And it looks like Terry is “lead off” speaker — first, announcements

this is a new room; how to work the mikes

we’re handing out a questionnaire; turn it in to get your certificate

The topic for the morning is software; I’m going to concentrate on the IP aspects; Z’s will concentrate on open source and the current SCO controversy

It will be interwoven, so look out!

Basic propositions:

1) What kinds of activities might a s/w developer want to control?

- consumer reproduction of object code

- commercial reproduction of object code

- incorporation of parts of source code in new programs

- preparation and distribution of improved versions/derivative works

Note that these are going to blur as we discuss the topic, and with luck, we will come back to having to keep these 4 in mind

2) So what protections are available?

- Trade secrecy

contracts

copyright

patent

A trade secret is: a commercially valuable process.

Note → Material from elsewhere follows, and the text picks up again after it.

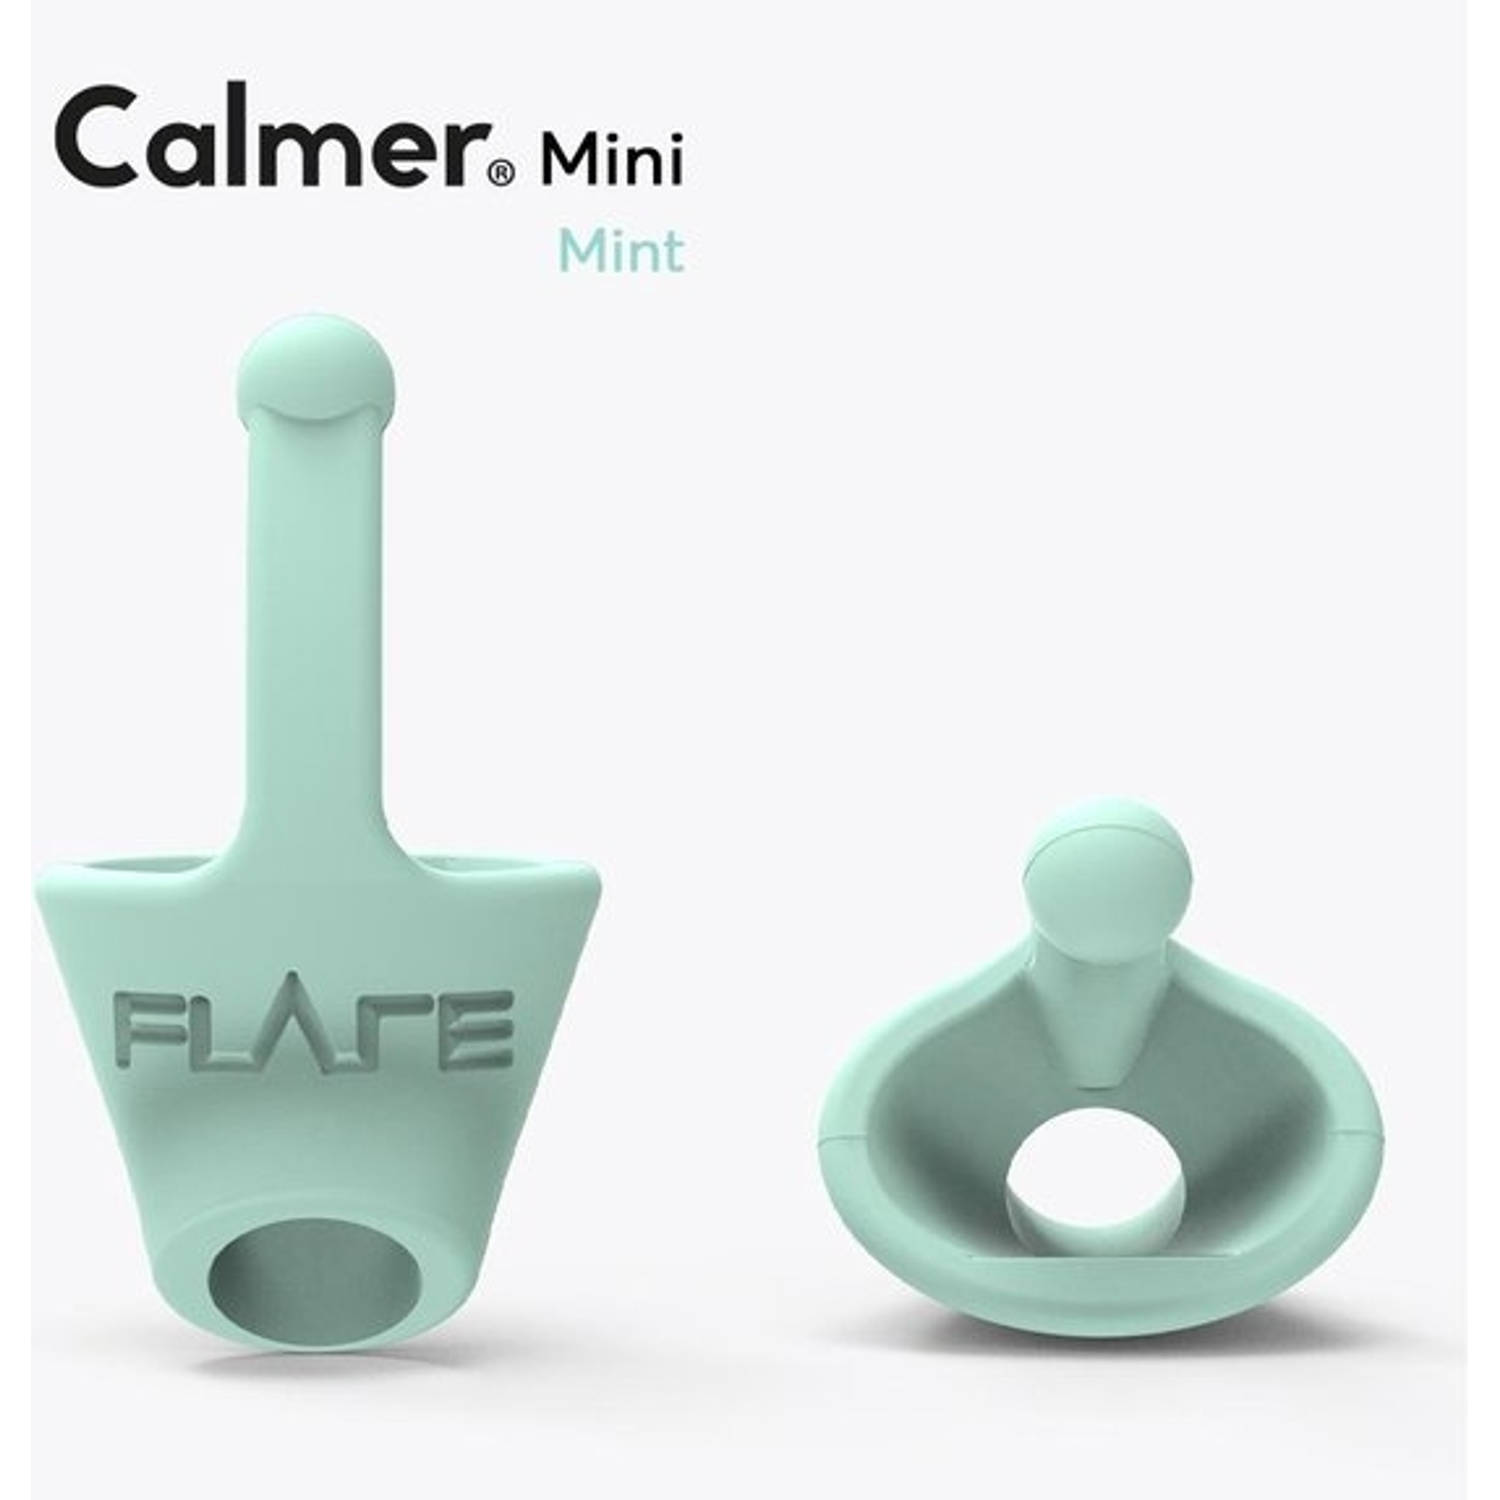 CALMER® mini Mint Een klein oordopje dat stress vermindert verhoogt geluidskwaliteit Flare Audio

It must have been initially secret; effort must have been made to keep it secret, and it must be commercially valuable

Liability comes from (1) breach of confidence; (2) discovery through “improper means” (not reverse engineering; but flyover in an airplane might be)

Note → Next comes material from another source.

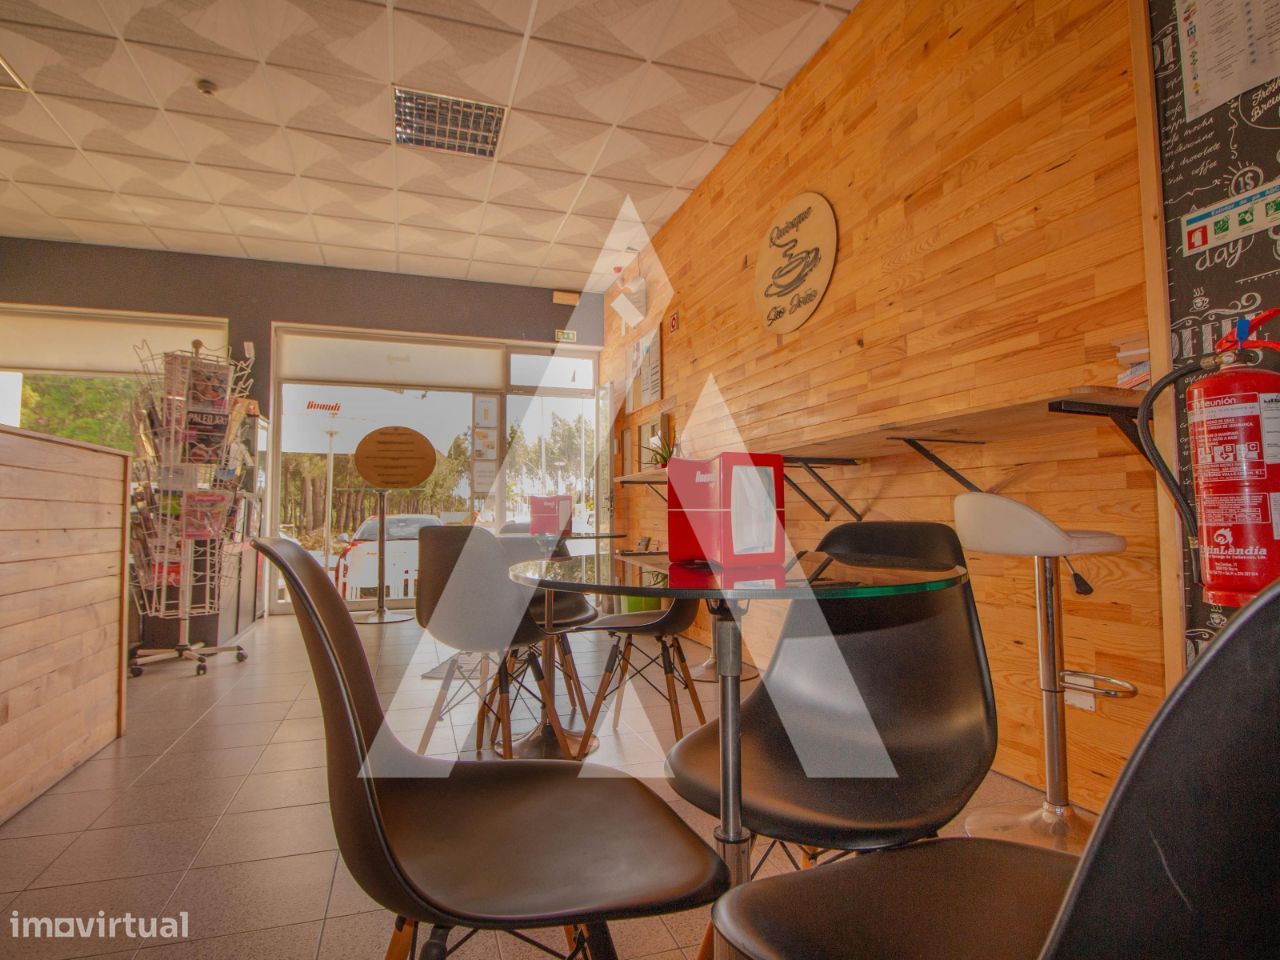 Café/Snack Bar e Quiosque para trespasse em Vagos

Starting in the 1950s; s/w producers relied upon trade secret; courts held that the source code is secret, but releasing the object code, qualified as a trade secret

Weaknesse:

decompilers are getting better and better (reverse engineering)

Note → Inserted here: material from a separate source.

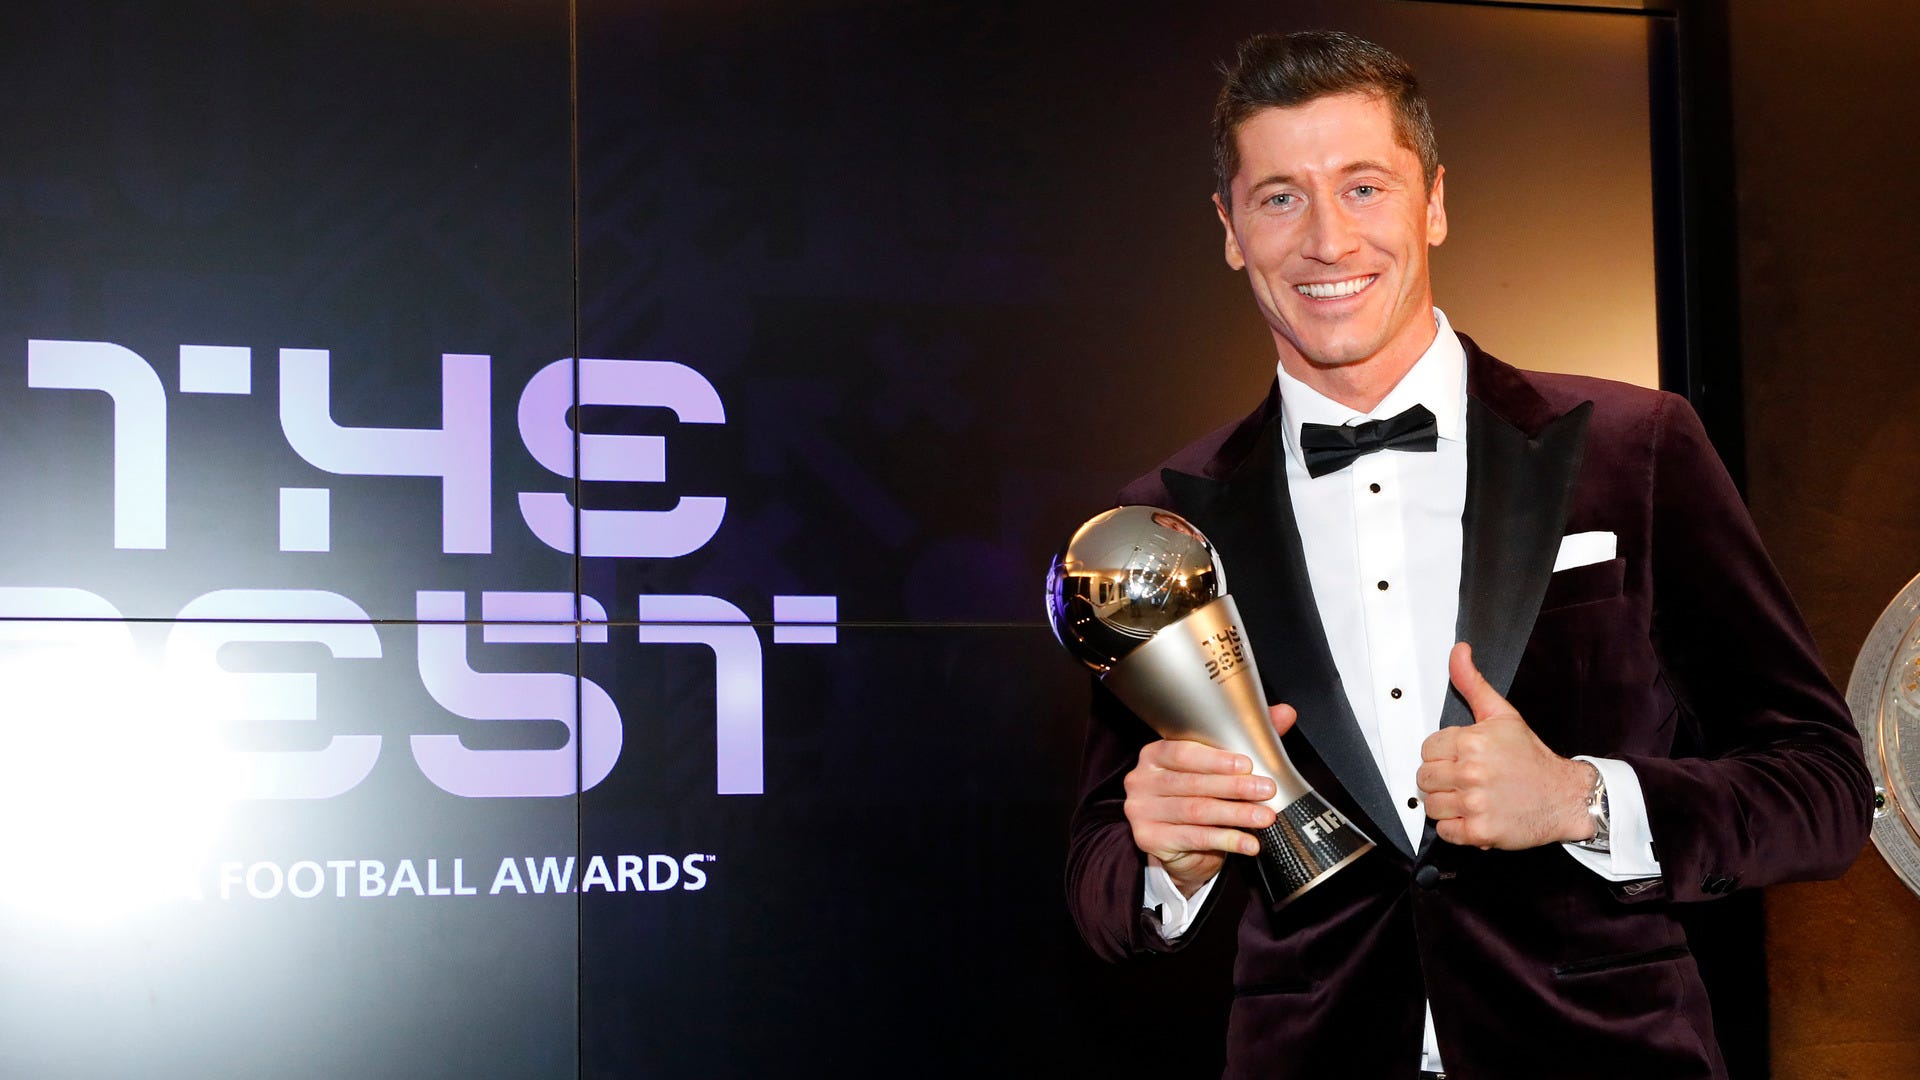 Prêmio Fifa The Best irá coroar o melhor jogador e a melhor

no protection against the piracy of object code

limited production against downstream consumers

consumers WANT the source code (forfeit trade secret protection if you give it out)

Contracts:

don’t sell, license the software - extract promises not to do things like:

- cannot resell

- cannot rent

- no claim of warranty

- no reverse engineering

- overrider fair use

- no contest of patent of copyright claim

Are these legal? Certainly challengable and lots of tussling. Largely upheld, although there are some limits

Pro-CD v Zeidenberg; Bowers V. Baystate Technologies

UCITA tried to embed this; largely as a result of law professors, this was stopped; adopted however in some state jurisdictions (Virginia)

Copyright Law

1964: software can be registered; but object code versions might not actually be copies

1978: CONTU recommend full copyright protection to software

1980: Congress adopts

1992: EC Directive 91/250: adopts s/w copyright

1994: TRIPS Agreement Article 10(1): adopts s/w copyright

Entitlements

-reproduction

-derivative works

-first distribution

-public performance

-public display

Exceptions:

-fair use

-merger doctrine — says that an idea cannot be protected, only the expression thereof. If there is only one way to do something; then you can’tprotect

-essential or archival copying

Apple v. Franklin - CA3 1983

Apple builds computers and also builds operating systems; Borland was given free access to create applications

Franklin computer company also makes computers; but sales depend upon running apple programs

So they copy the operating system;

Apple sues - Franklin made a copy

Franklin - we just copied the Apple o/s which was the only way that we could embody the idea of an apple O/S (merger)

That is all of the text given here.